Transcribe the listing verbatim. Do not carry over any pictures.

[Supplied material]

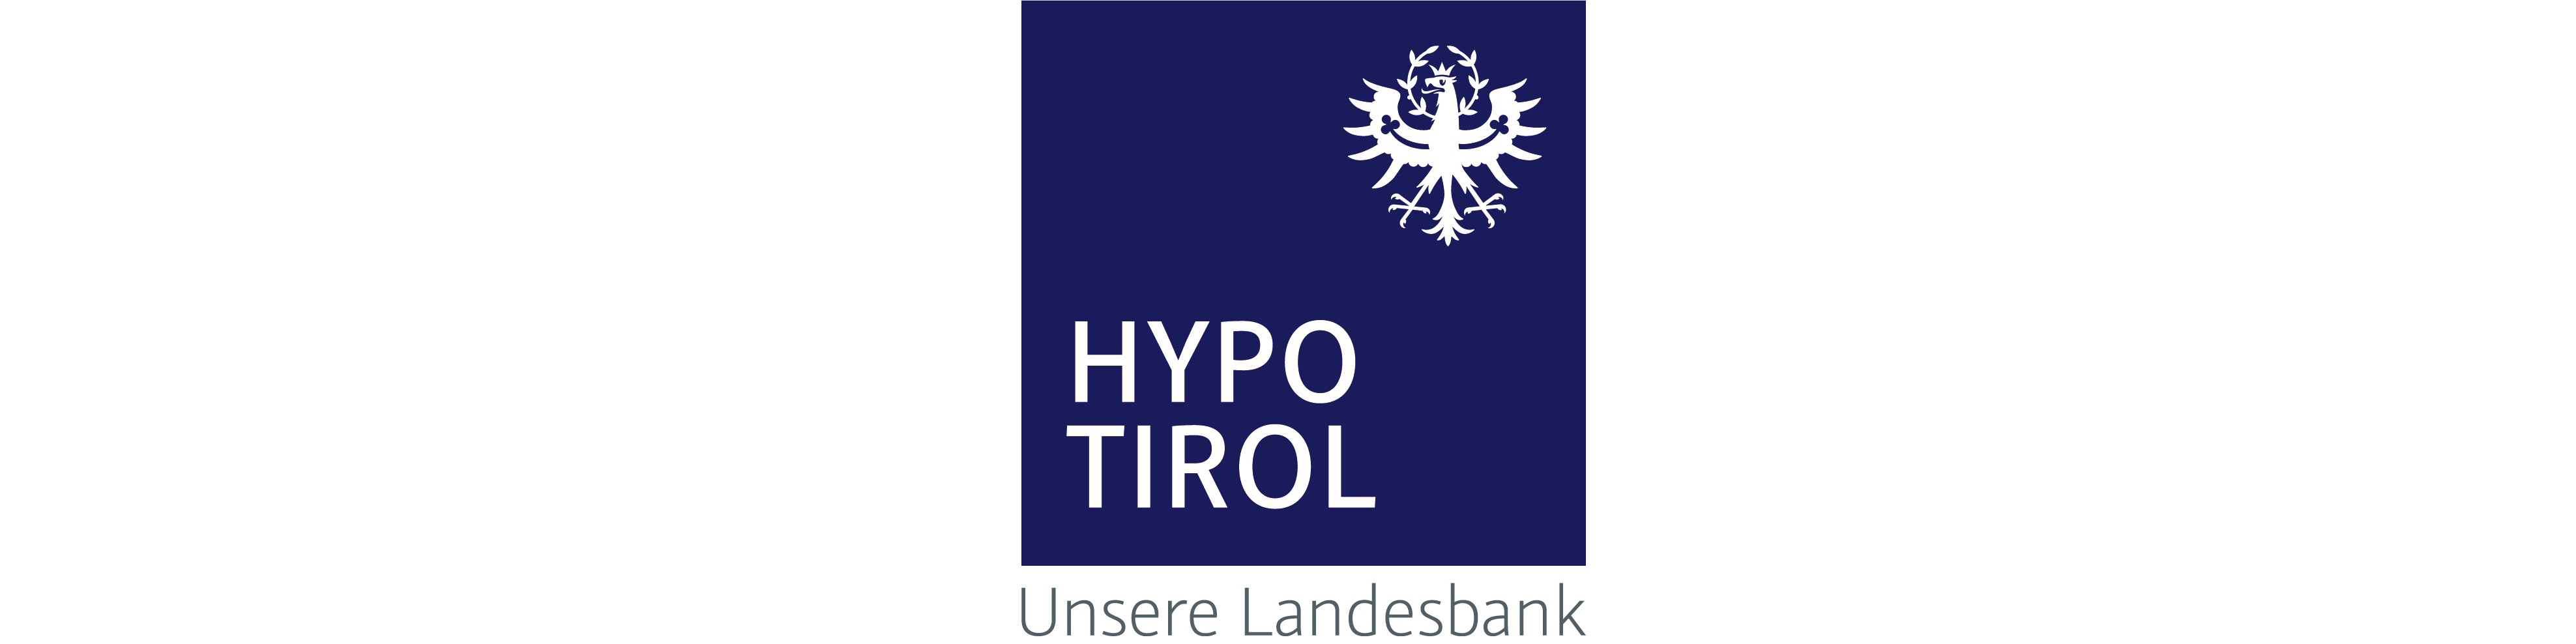 hypo-tirol
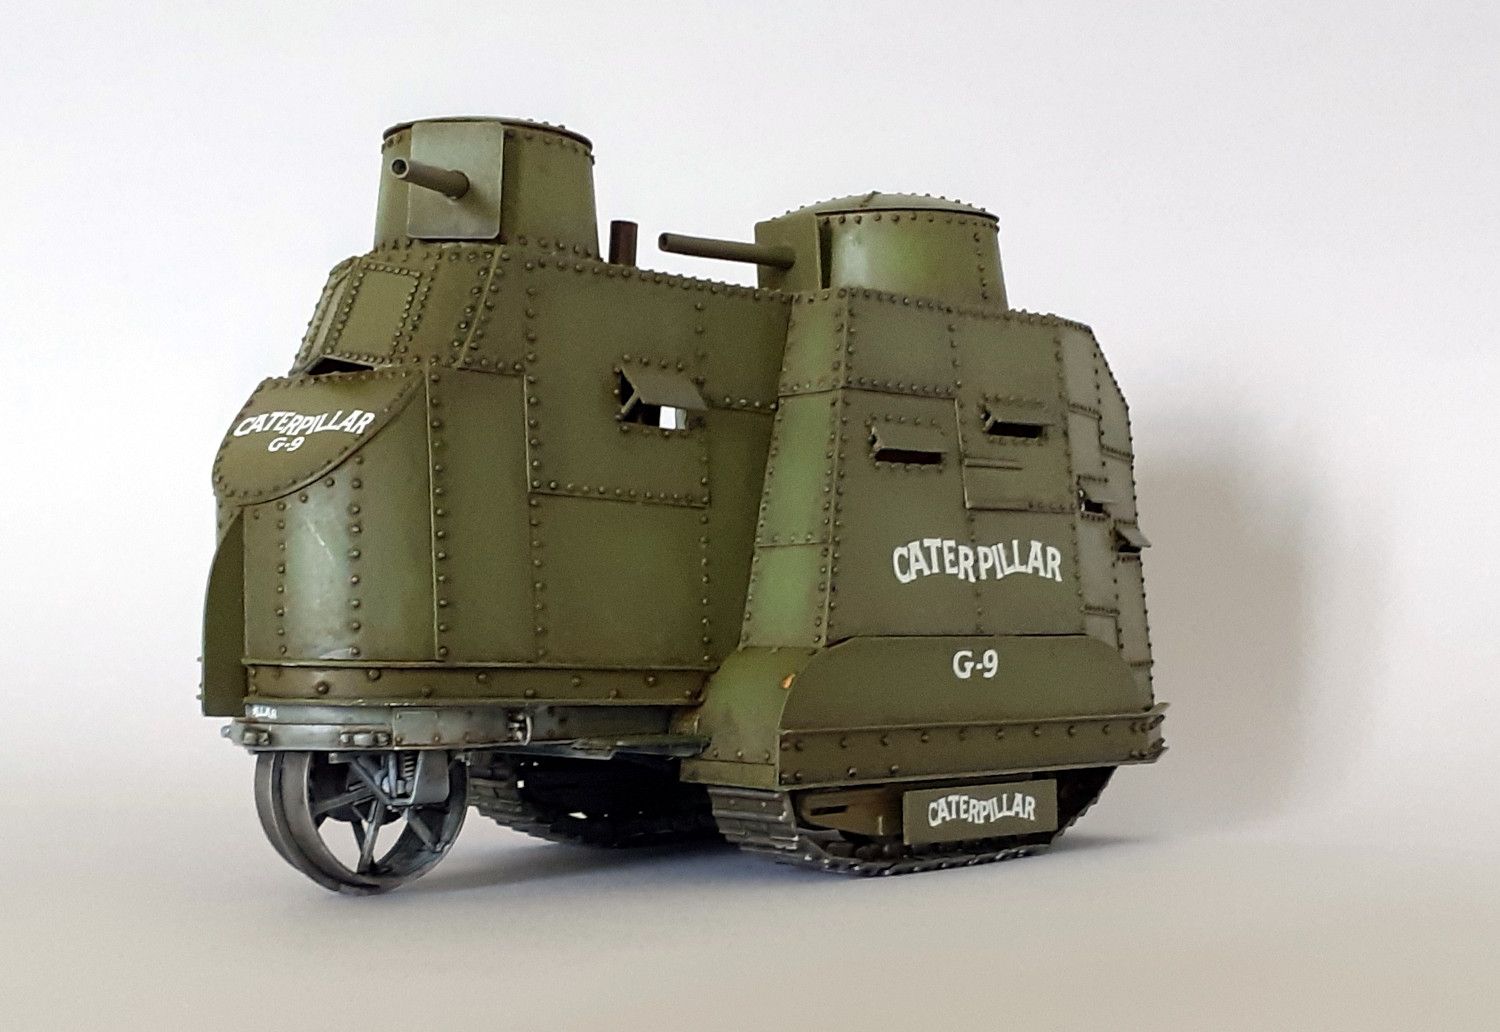 Caterpillar G9 : 1er tank US de l'Histoire [base tracteur Holt Roden + scratch] de Lostiznaos 663e8bb39bea1
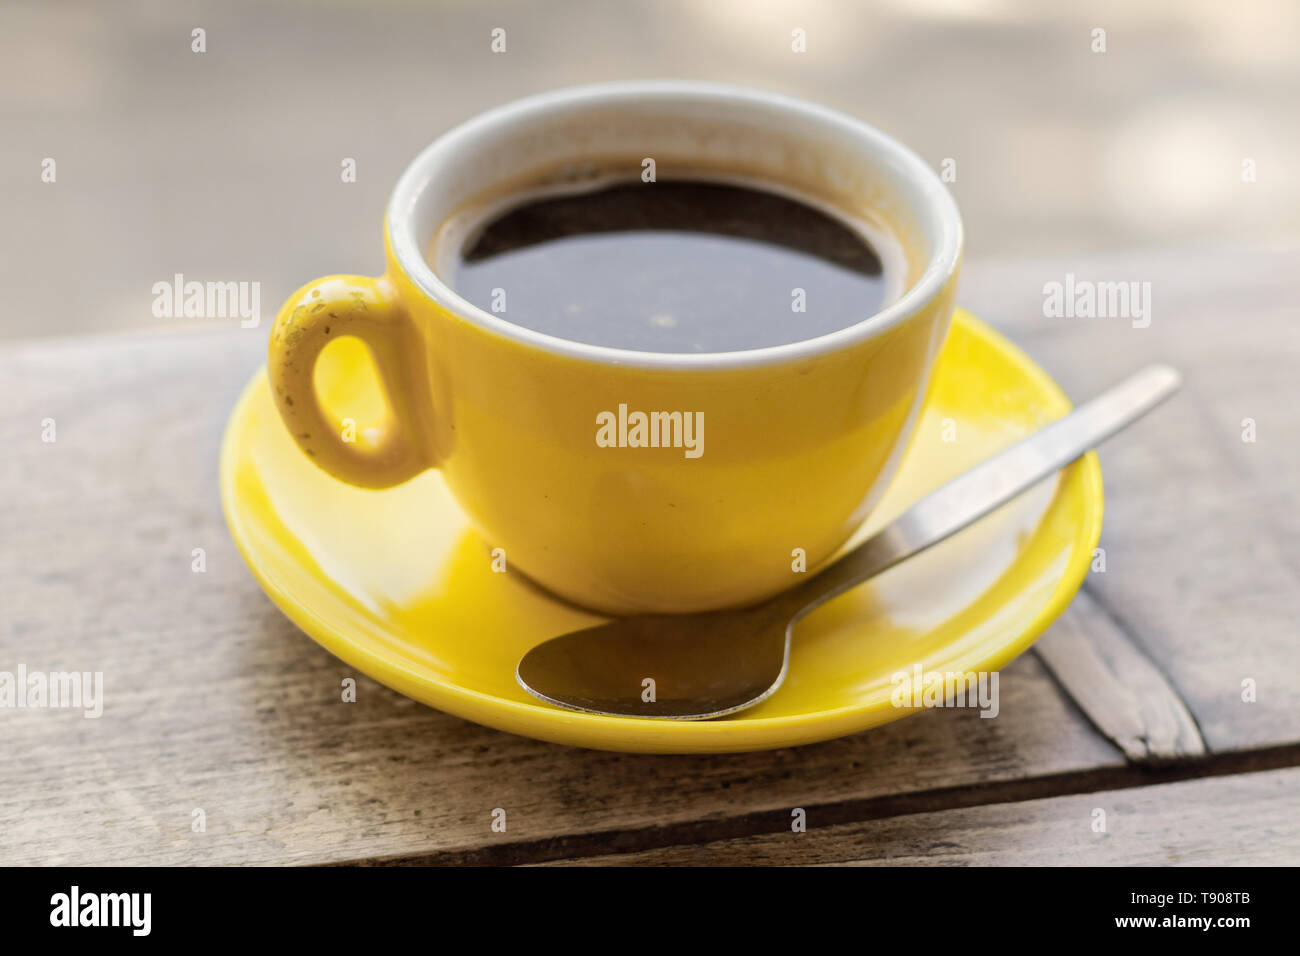 Jaune ébréchée tasse à café et soucoupe sur une table en bois, gros plan avec une faible profondeur de champ Banque D'Images
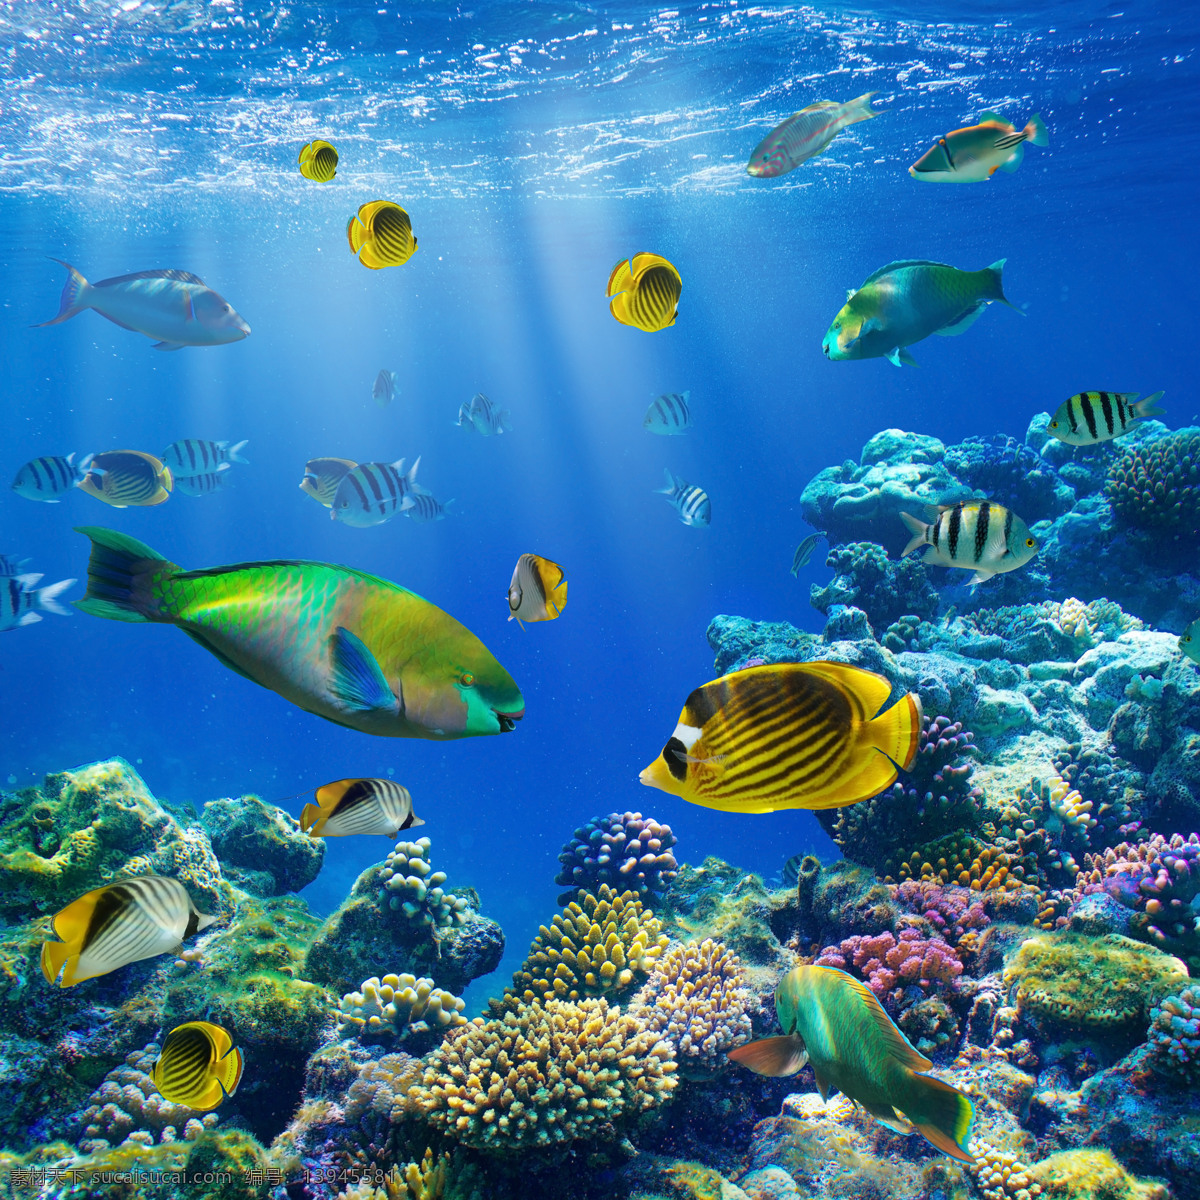 梦幻海底世界 鱼 鱼类动物 海底生物 水中生物 海洋生物 海洋动物 动物世界 生物世界 蓝色

[/Supplied material]

• Result of this task:
 hypo-tirol
 Caterpillar G9 : 1er tank US de l'Histoire [base tracteur Holt Roden + scratch] de Lostiznaos 663e8bb39bea1
 Jaune ébréchée tasse à café et soucoupe sur une table en bois, gros plan avec une faible profondeur de champ Banque D'Images
 梦幻海底世界 鱼 鱼类动物 海底生物 水中生物 海洋生物 海洋动物 动物世界 生物世界 蓝色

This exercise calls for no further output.